— Ну, хоть бы, например, насчет отлучек? имеете ли вы право во всякое время отлучиться для заработков?
— Да коли взнес вперед оброк, можно!
— Ну, а еще когда?
— А еще, коли ты не пьяница!
— Ну, а еще?
— А еще, коли ты ни в чем не замечен!
— Как ни в чем не замечен?
— Так, не замечен, да и все тут! а коли замечен, так и вида на отлучку ни в жизнь не дадут!
Признаюсь, этот последний ответ несколько смутил меня и охладил мой энтузиазм к многоболтаевскому либерализму. Что такое значит «ни в чем не замечен»? — долго ломал я себе голову и, конечно, едва ли пришел бы когда-нибудь к удовлетворительному разрешению этого вопроса, если б в одно прекрасное утро меня сама собой не осенила счастливая мысль, что «ни в чем не замечен» просто означает «ни в чем не замечен» — и больше ничего.

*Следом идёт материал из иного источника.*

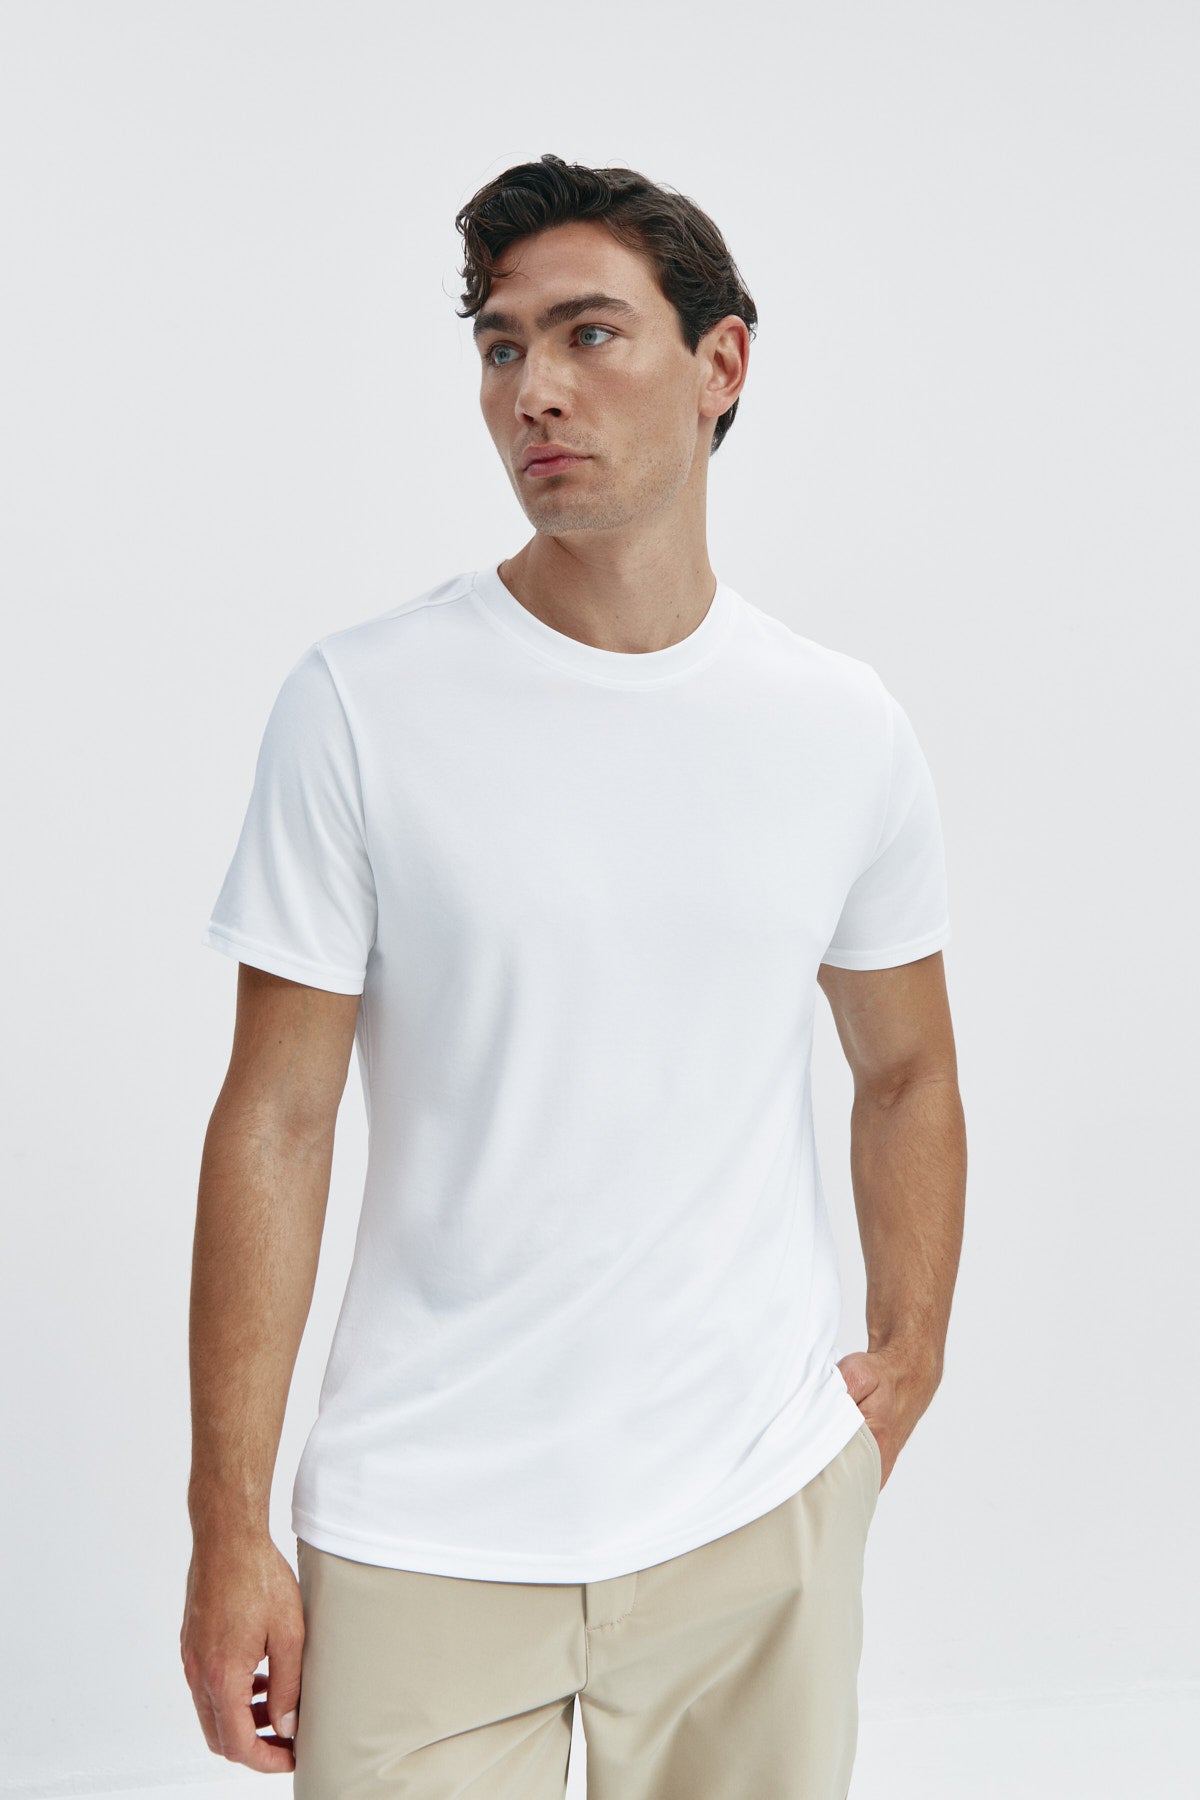 Camiseta de hombre blanca de manga corta, antiarrugas y antimanchas.Foto de frente.

В самом деле, кто может исчерпать всю глубину иронии, заключающейся в этих словах? кто может провидеть все разнообразие случайностей, которое в них скрывается? Ты отставил вперед ногу — замечен («где у тебя ноги? где у тебя ноги?»); ты тряхнул кудрями — замечен («что ты, стоять, что ли, спокойно не можешь?»); ты заявил в голосе некоторую крамольную хрипоту — замечен («ишь ты! ведь и голос-то у них… словно вот змея шипит… словно вот так пронизать и хочет!»); ты походкой изобразил некоторое волнение чувств — замечен («куда, куда ты так бежишь! затылком, что ли, нагрубить хочешь!»). Ясно, что при таких условиях всякие вольности могли процветать во всей безопасности. Мало того, процветать: они могли даже не процветать вовсе, и никто бы этого не заметил…

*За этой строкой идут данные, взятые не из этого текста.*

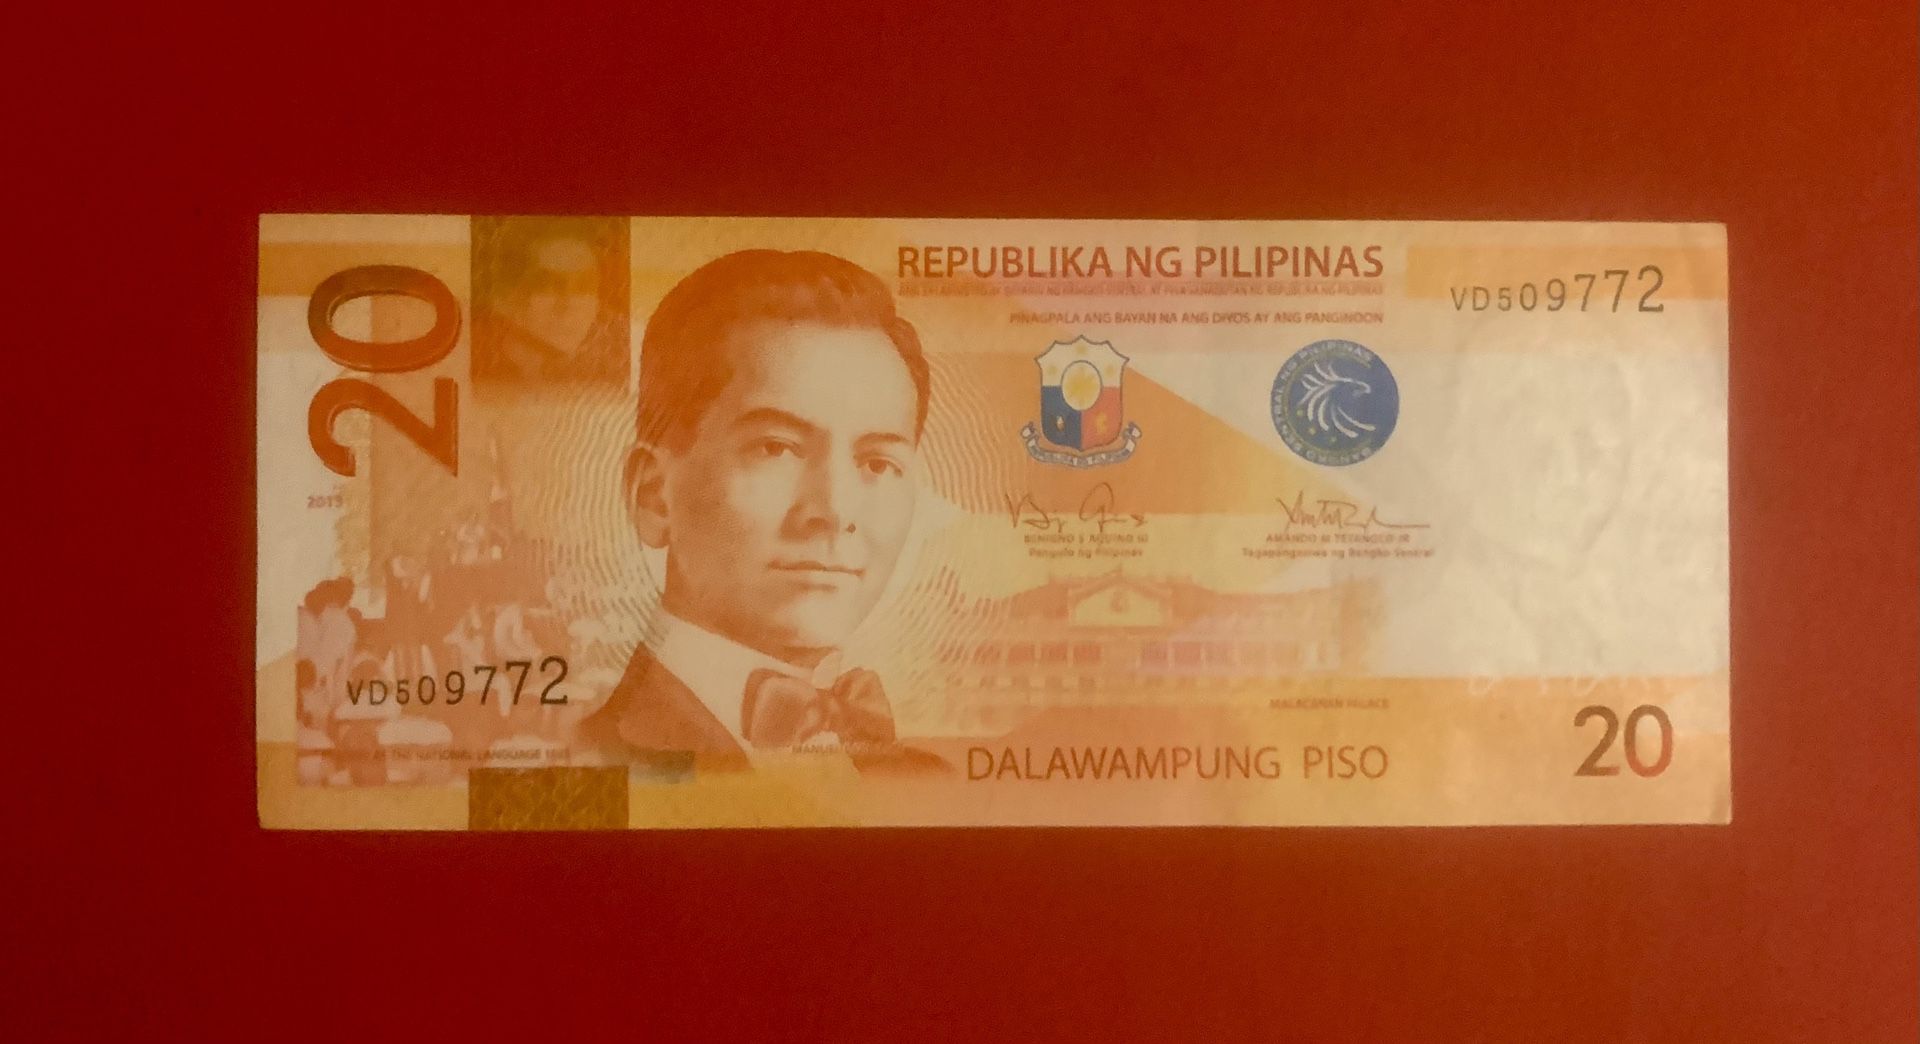  Bill Currency/Republica NG  pilipinas

Однажды из окна барской усадьбы я увидел перед «домом многоболтаевского общественного управления» огромную толпу. Спрашиваю: что это такое? отвечают: многоболтаевская сходка — ну, как же не взглянуть!
— У меня все это, mon cher, в порядке, — сказал мне при этом мой либеральный друг, вместе со мной любовавшийся видом размахивавшей руками толпы, — у меня ничего по имению, ничего без них не делается! обо всем они должны свое слово сказать! У меня, mon cher, по-старинному… вот как!
Мучимый любознательностию, я осторожно подошел к толпе, чтобы не спугнуть ее своим появлением и не мешать выборным людям многоболтаевской земли свободно выражать их мысли и чувства. Но увы! сходка уже подходила к концу, и я мог слышать только заключительные слова речи, которую произносил Иван Парамоныч:
— Рожна, что ли, вам надобно! черти вы! право, прости господи, черти!
Выборные молчали; только по местам слышались какие-то глубокие, сосредоточенные вздохи.
— Что ты вздыхаешь! что ты вздыхаешь! утробу, что ли, до свету набил, — обращался Иван Парамоныч, прозорливо подмечая, из чьей груди вылетал карбонарский вздох. — Вот я те набью!
— Что набивать-то! чем набивать-то! — слышалось в ответ.
— То-то «набивать»! Вас милуют, так вы и тово… на дыбы сейчас! пошли вон, подлецы!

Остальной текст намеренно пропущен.